Whenever a neighbouring smallholder refused to surrender his land, and vowed to wring his neck, Mazzarò would always find a way to disarm his peasant pride, bring him down a peg, and force him to sell.
He would go along to him and boast, for instance, about the richness of a farm of his that would not even support a row of beans, get him to think it was the promised land, and persuade him to rent it by way of a good investment.
And when the fellow could no longer pay the rent, Mazzarò would lay hands on his cottage and his smallholding for no more than it cost to buy a loaf of bread.
But then, what about all those tiresome complaints that Mazzarò had to put up with?
What about the tenant farmers who came and moaned about the poor harvests, the debtors who sent their womenfolk one after another to tear their hair out and beat their breasts, begging him not to turn them out on the street and take away their mule or their donkey, saying they had nothing to eat?

‘Do you see what I eat?’ he would answer.
‘A crust of bread and an onion!
And my storehouses are filled to overflowing, and I own all this property.’ And if they were to ask him for a handful of beans from his enormous stockpile, he would say, ‘Why?
Do you think I stole them?
Do you have no idea how much it costs to sow them, to dig out the
weeds, and to harvest them?’ If they asked him for a
soldo,
he told them he didn’t have one to give.

It was true, because he never kept more than 12
tarì
in his pocket.
He needed the rest to make all that property pay, and money flowed in and out of his house like a river.
Besides, he was not interested in money, because he said it wasn’t property.
As soon as he put together a certain amount of it, he spent it on a piece of land, because he was determined to own as much land as the king, and be better off than the king, since the king can neither sell his land nor call it his own.
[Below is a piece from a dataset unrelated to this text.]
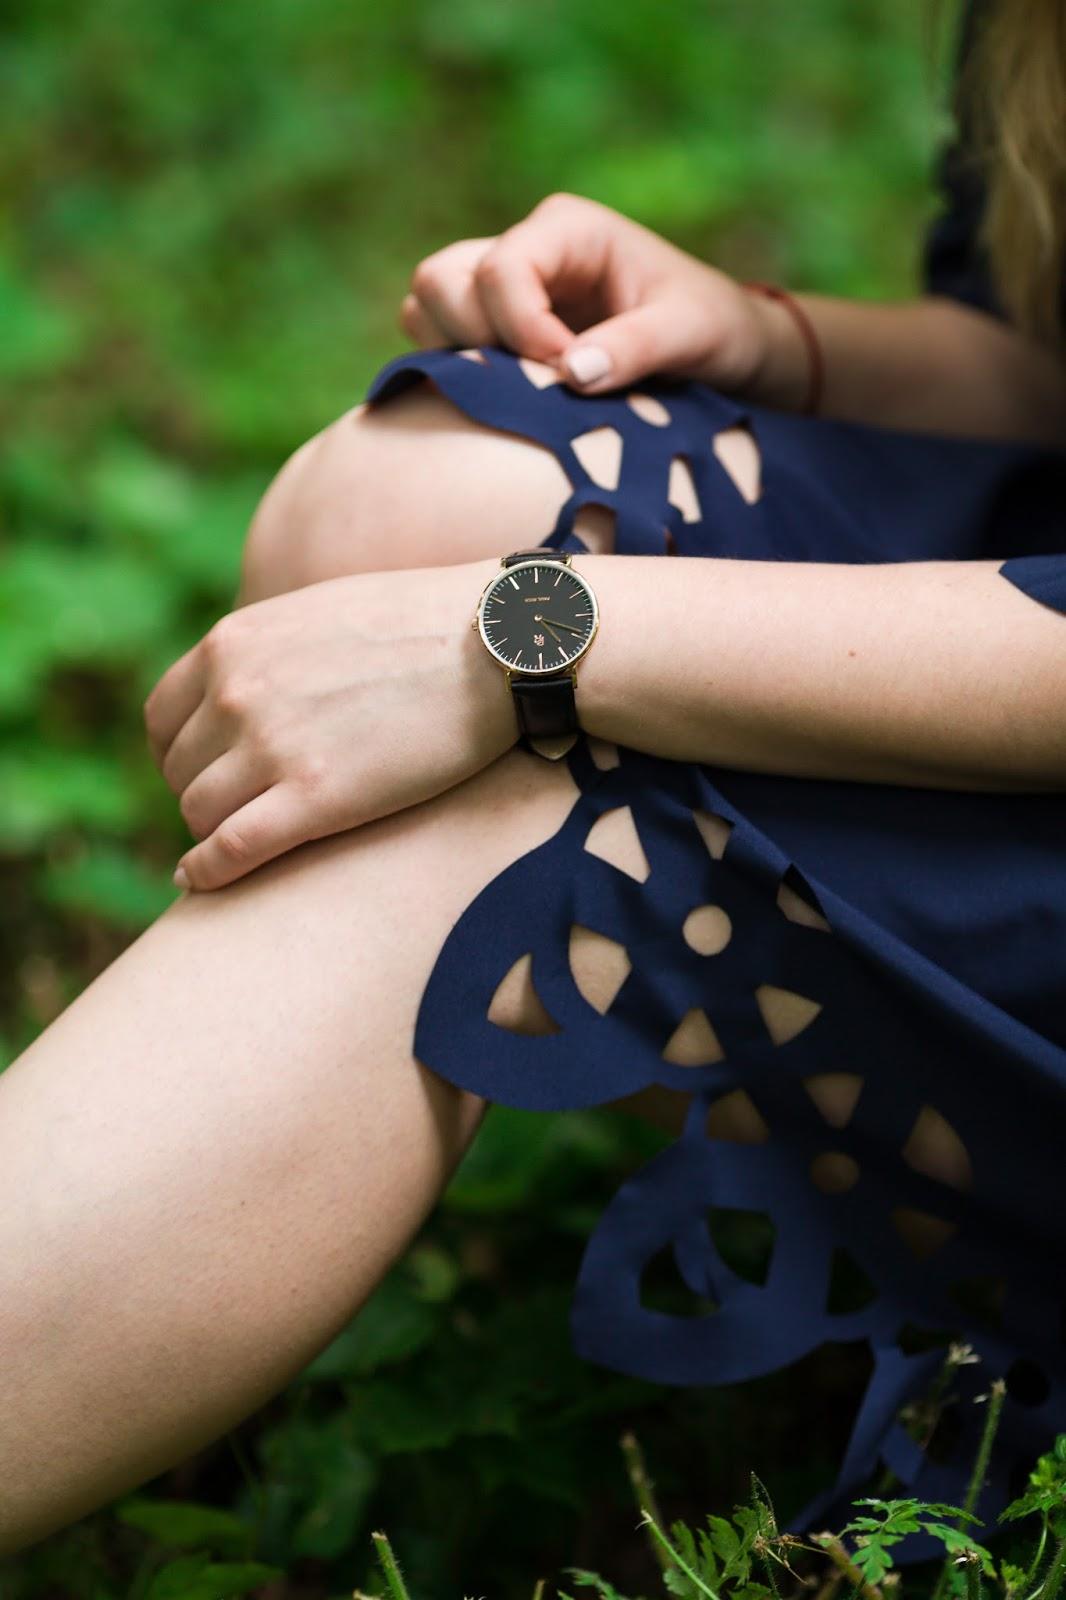 8 Off The Shoulder Flared Dress zaful paul rich watch hat sukienka zaful opinie recenzja buty łuków ażurowa hiszpanka granatowa baletki zegarek ootd lookbook fashionblogger blog modowy lifestyle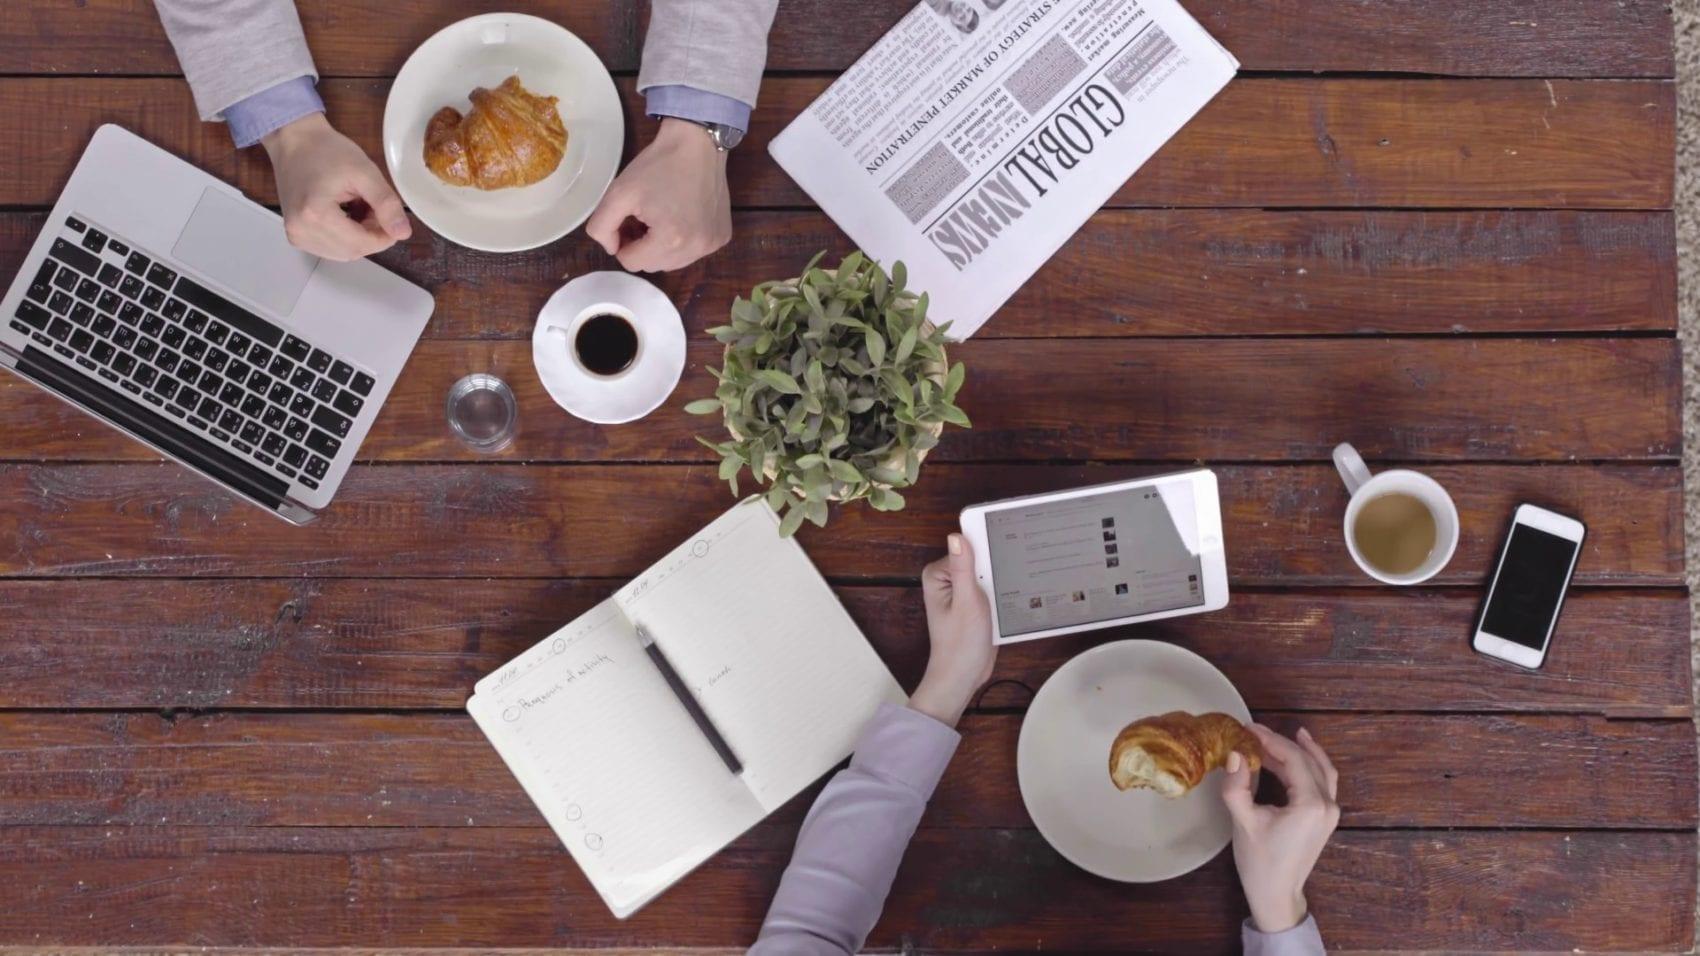 Morning Call: Lançamentos da Apple e Aumento na Gasolina

The only thing that troubled him was that he was growing old, and would have to leave the land where it was.
That goes to show that God is unjust, because you spend your whole life collecting property, and when you manage to get hold of it, and want more, you have to leave it all behind!
He would sit for hours on a skep, cradling his chin in his hands, casting his eyes over all those flourishing green vineyards of his, and the fields of corn shimmering in the breeze like the sea, and the olive groves veiling the mountainside like mist.
And if some half-clothed youngster were to pass that way, bent double like a tired mule beneath the burden he was carrying, he would hurl his stick between the boy’s legs out of sheer envy, and mutter, Take a look at that fellow!
He has nothing, and his whole life ahead of him!’

So when they told him it was time to forget about what he owned and think about his soul, he staggered out into the farmyard like a madman, and went round killing his ducks and his turkeys with blows from his stick, yelling, ‘You’re all mine and you’re coming with me!’